> **Directions for this task**
Once you reach the line with "Samsung NZ63T3706A1 варочная" in the material below, copy each line exactly up to and including the line with "Los empresarios asiáticos", and skip the pictures.

> **Provided information**
--------
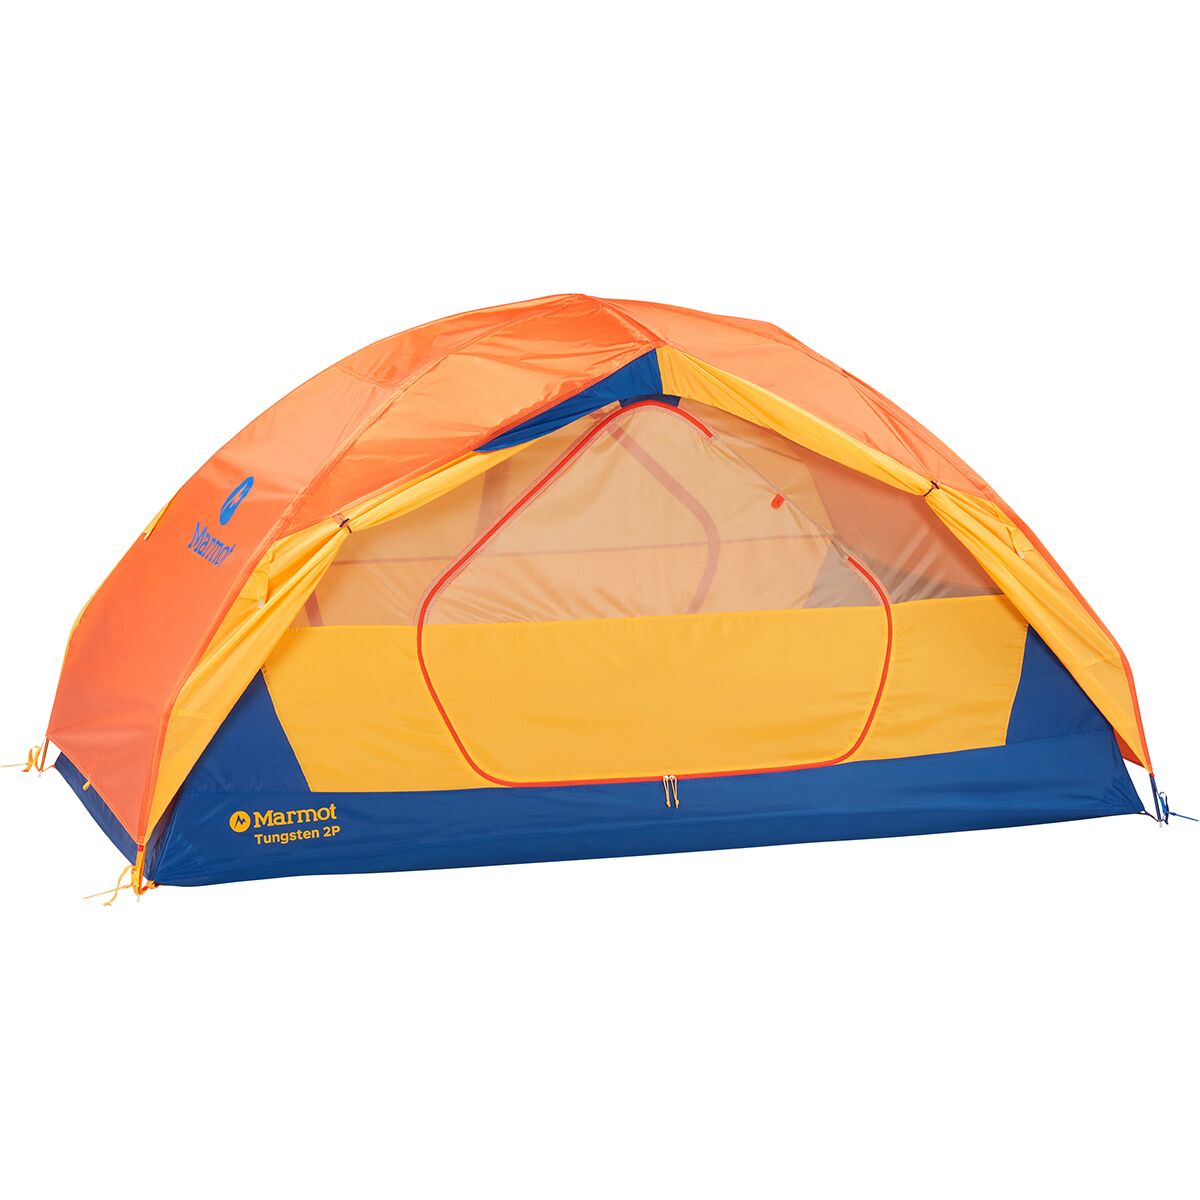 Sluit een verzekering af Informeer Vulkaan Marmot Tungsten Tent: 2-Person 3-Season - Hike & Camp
--------
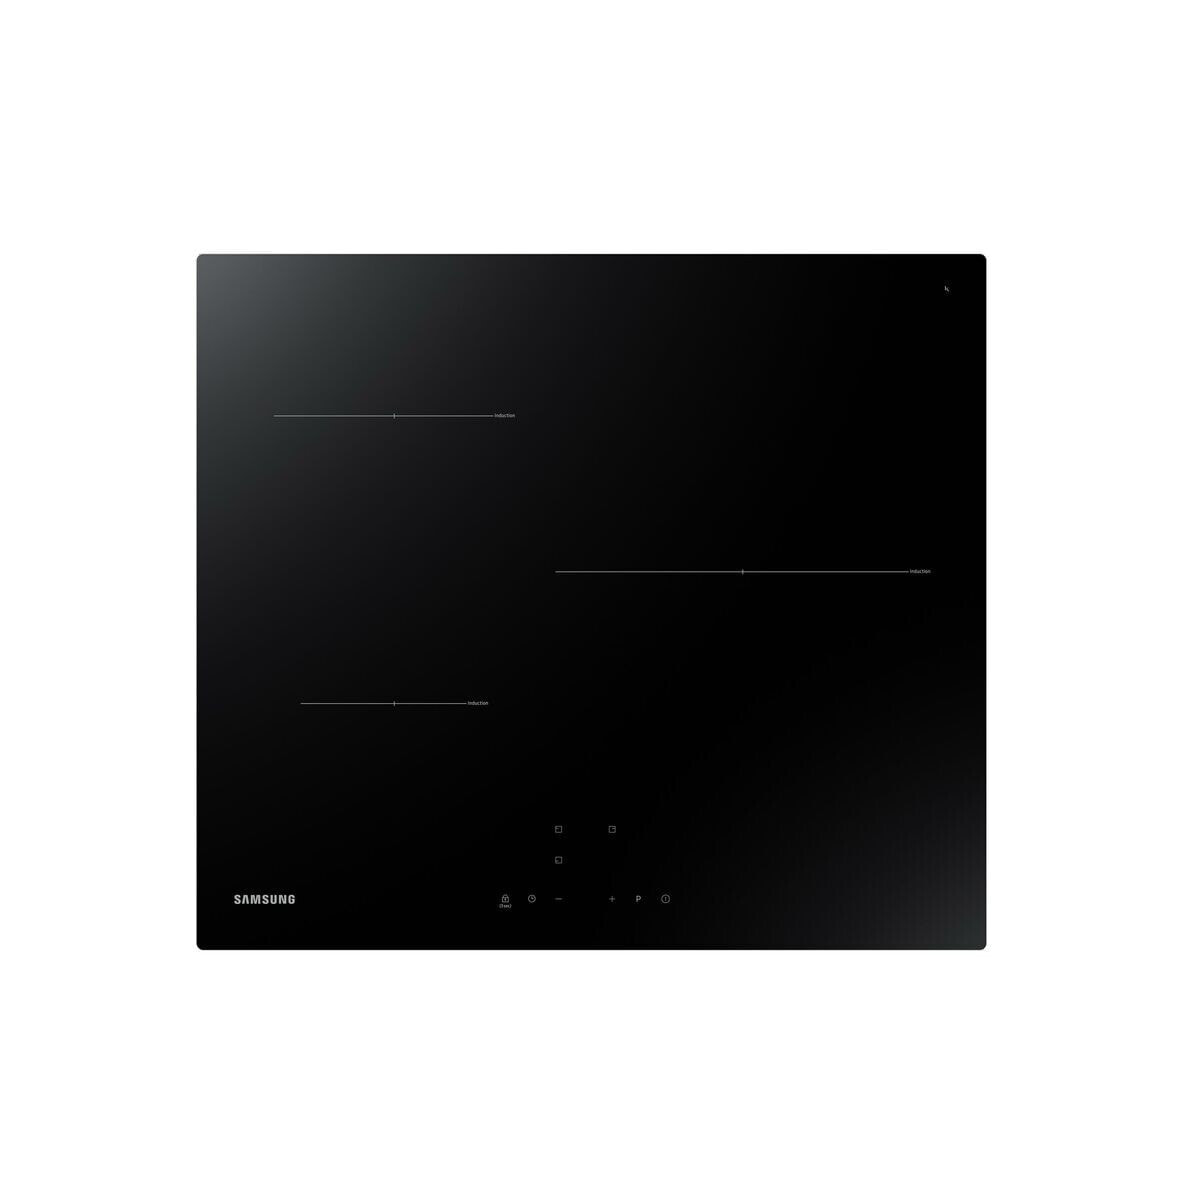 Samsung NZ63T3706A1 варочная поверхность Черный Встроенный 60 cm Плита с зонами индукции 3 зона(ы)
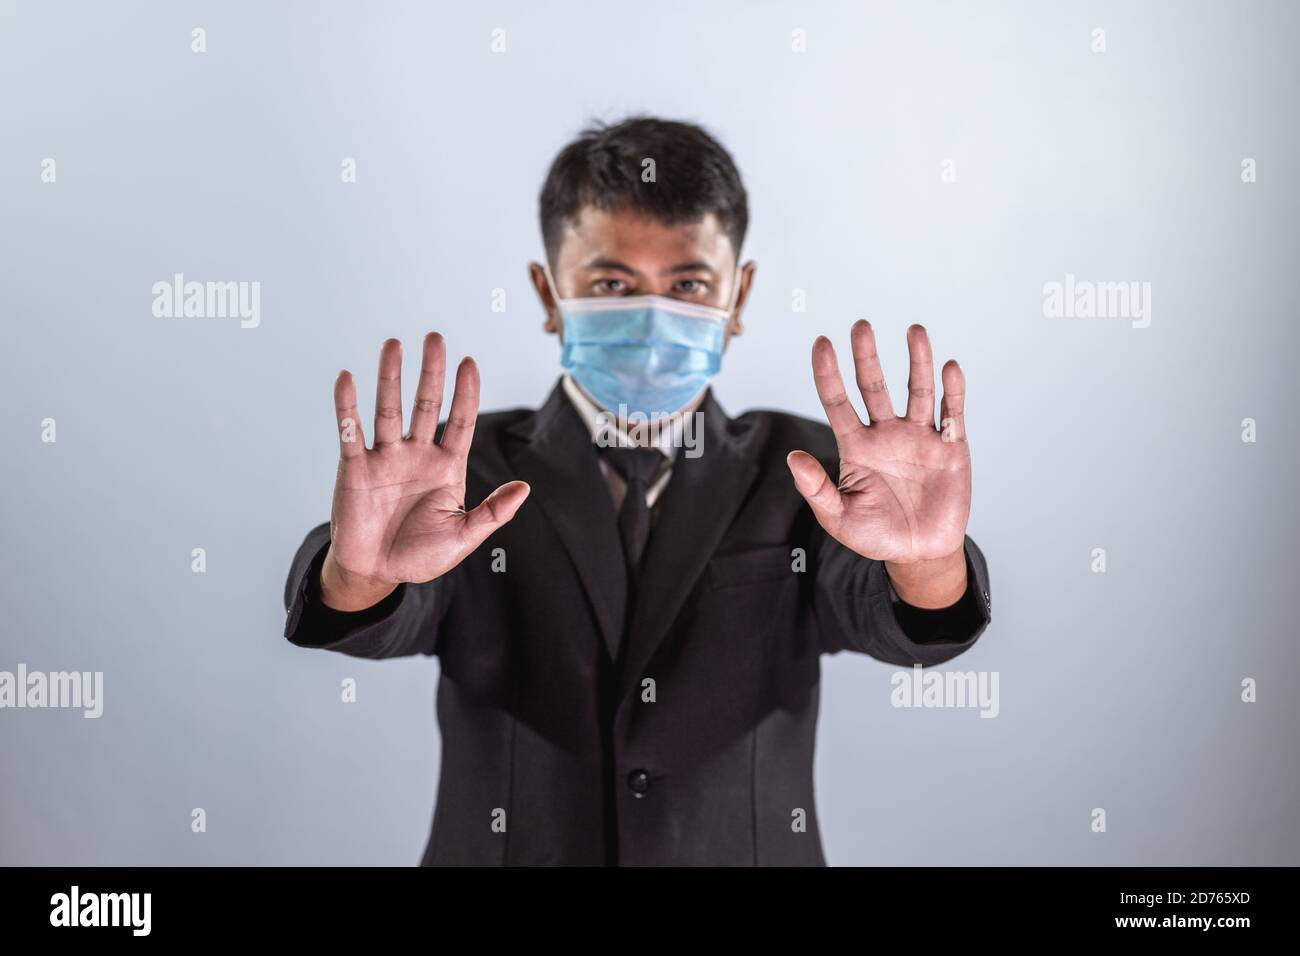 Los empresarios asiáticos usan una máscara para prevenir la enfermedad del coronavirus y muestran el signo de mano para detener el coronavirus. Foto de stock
--------
> **Answer below**
 Samsung NZ63T3706A1 варочная поверхность Черный Встроенный 60 cm Плита с зонами индукции 3 зона(ы)
 Los empresarios asiáticos usan una máscara para prevenir la enfermedad del coronavirus y muestran el signo de mano para detener el coronavirus. Foto de stock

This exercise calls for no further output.